You can send a message to the Facebook page and get a free copy. It's the only way Facebook will let me send messages as a page. Hope that's not inconvenient.


----------



## Sparklight (May 1, 2013)

Thanks! Just message the page for a free copy.

Yes Disney is a good example with Robin Hood being the first to come to mind and The Great Mouse Detective.


----------



## Aleu (May 1, 2013)

To answer your question, it's possible yes.

Though your character doesn't seem to have it.


----------



## Butters Shikkon (May 1, 2013)

I think you you give him enough "character" he'll be fine. Remember, you'll want ppl to connect to his human-like personality more than his magic and physical appearance.


----------



## Sparklight (May 1, 2013)

Butterflygoddess said:


> I think you you give him enough "character" he'll be fine. Remember, you'll want ppl to connect to his human-like personality more than his magic and physical appearance.

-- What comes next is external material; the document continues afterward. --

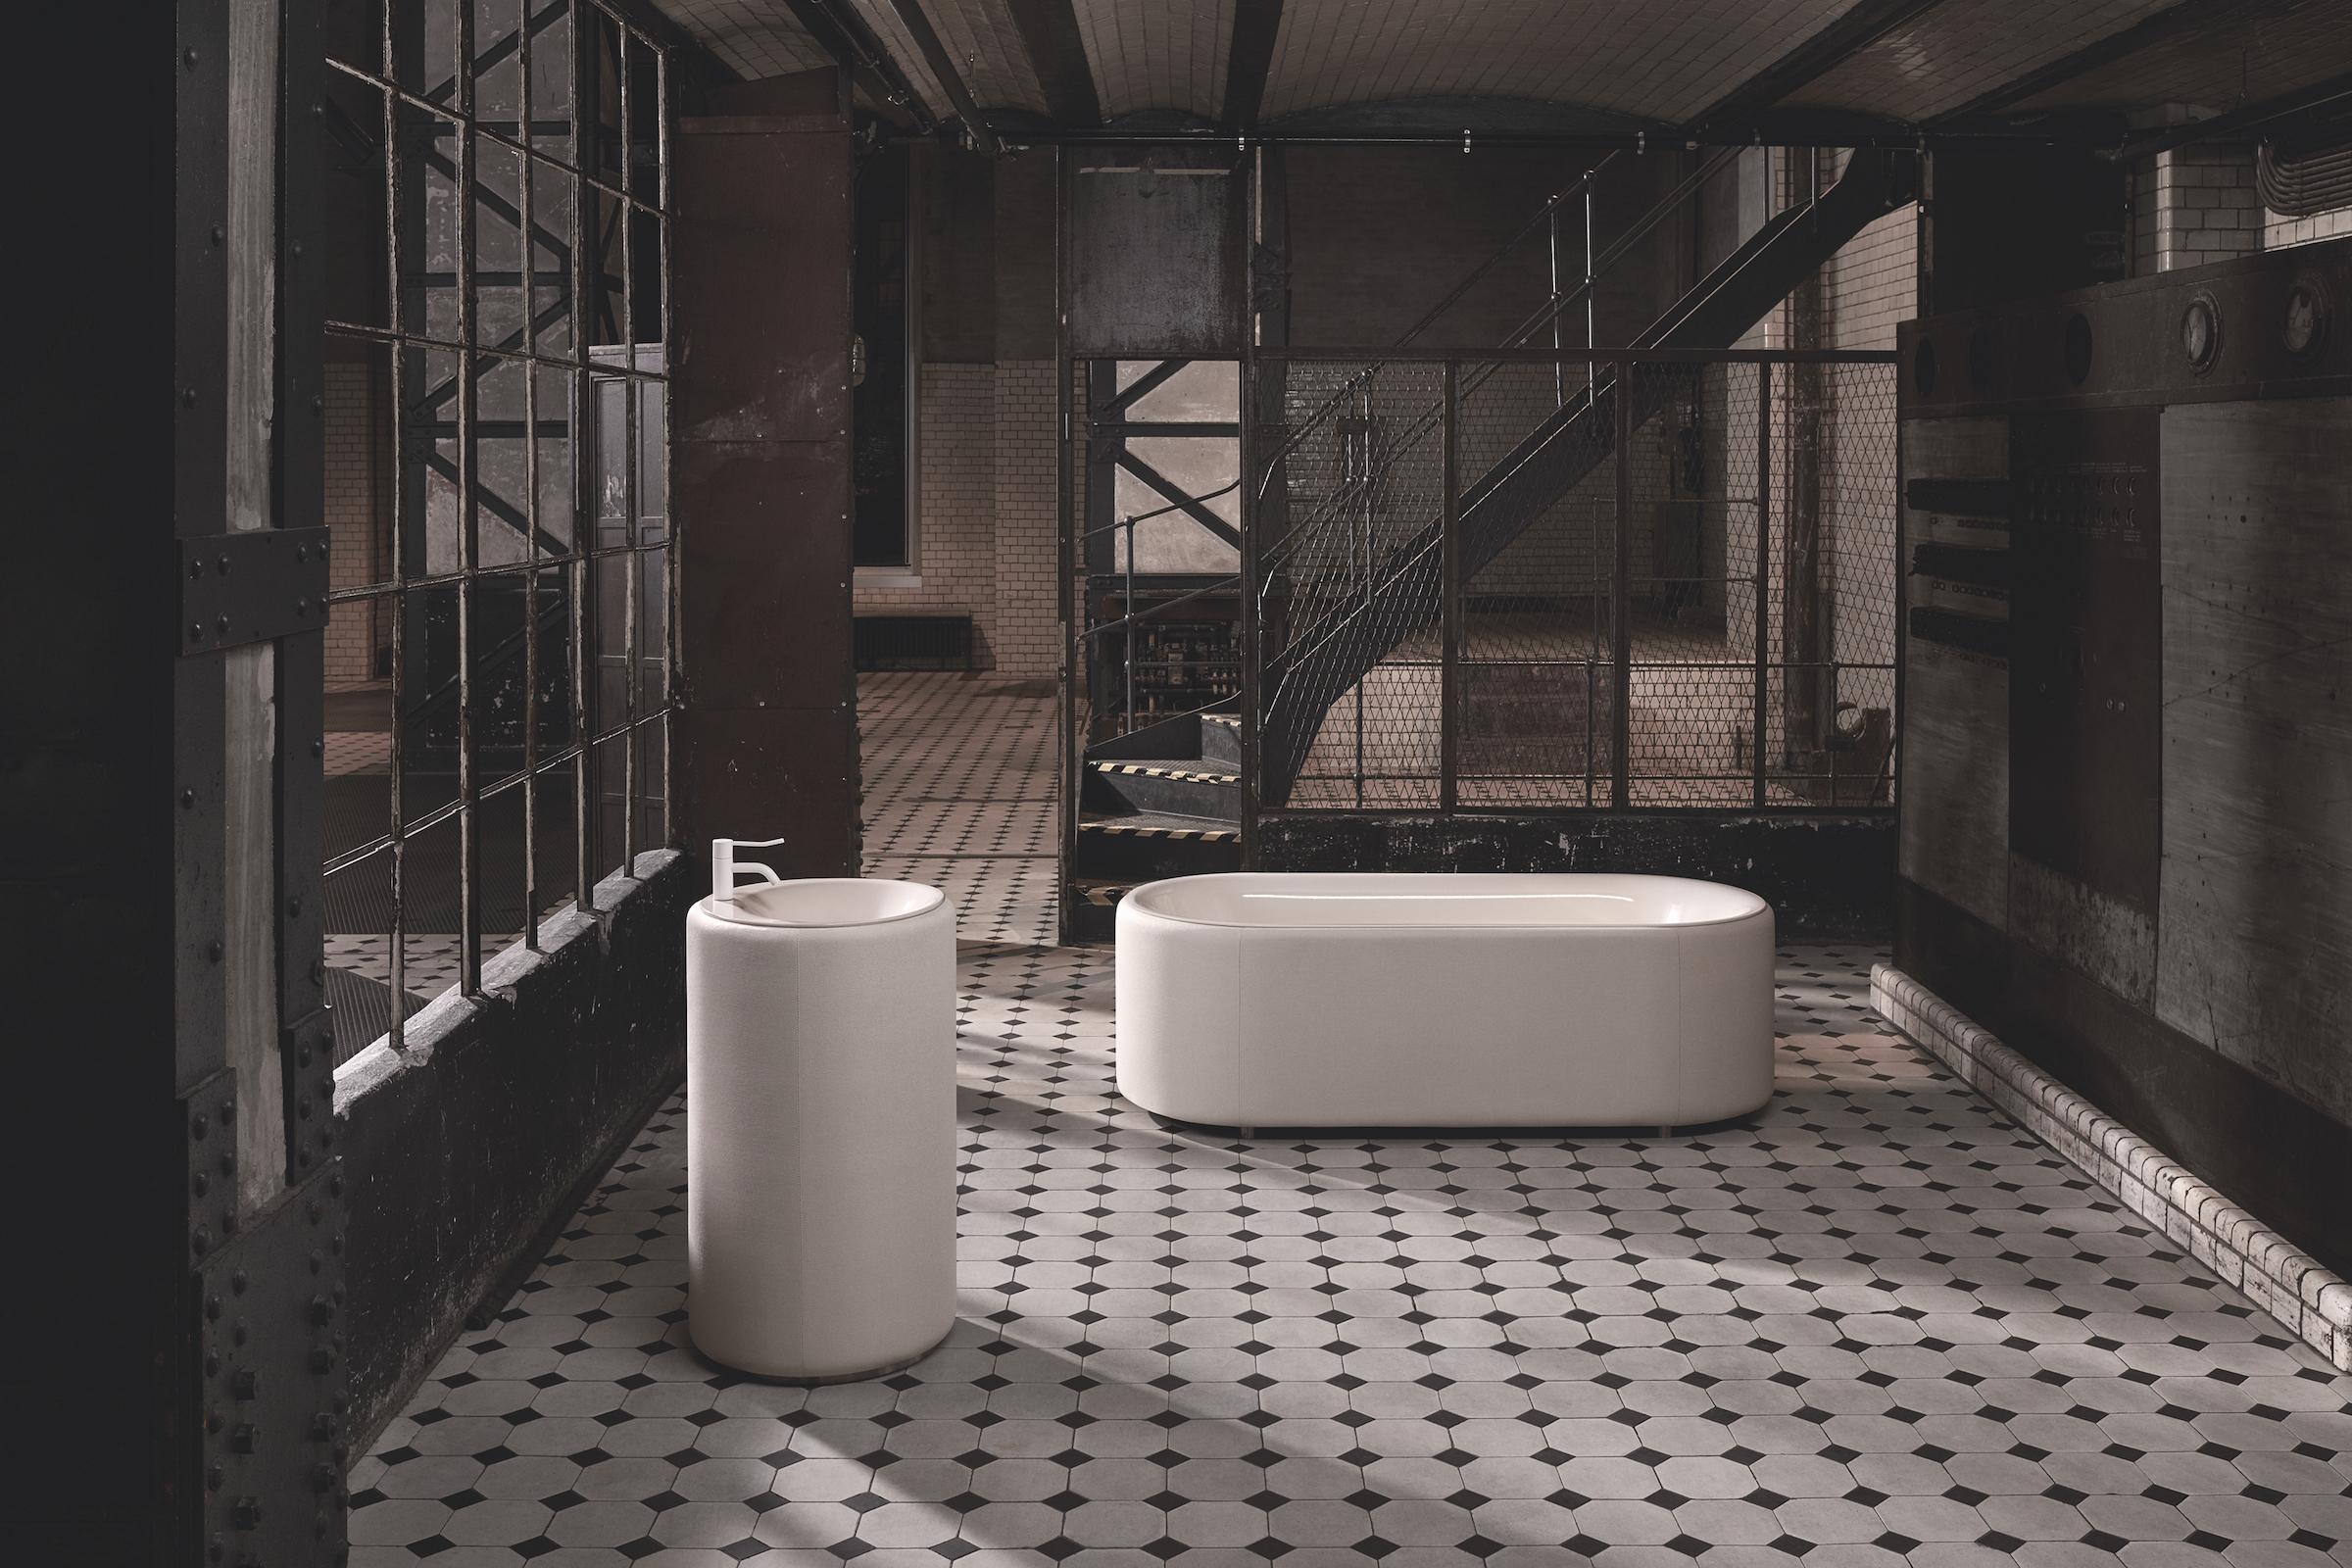 Gerade Design Waschtischarmatur Armatur Nevis FÜr Bad Waschbecken Waschtisch Uvp Armaturen Badkeramik

My story is 100 percent character-driven. The three main characters are all dynamic and developed. They each have their own part to play in the story. Ren is a soldier who recently moved into a new society and struggling to fit in with that new society's roles. He has his own motives despite working for the military, and at the end of the book we learn some of the secrets he's been hiding.

I should have been more clear in my original post. A better question is can a story with one of the romantic lead being an anthro be accepted or would it be too out of the mainstream?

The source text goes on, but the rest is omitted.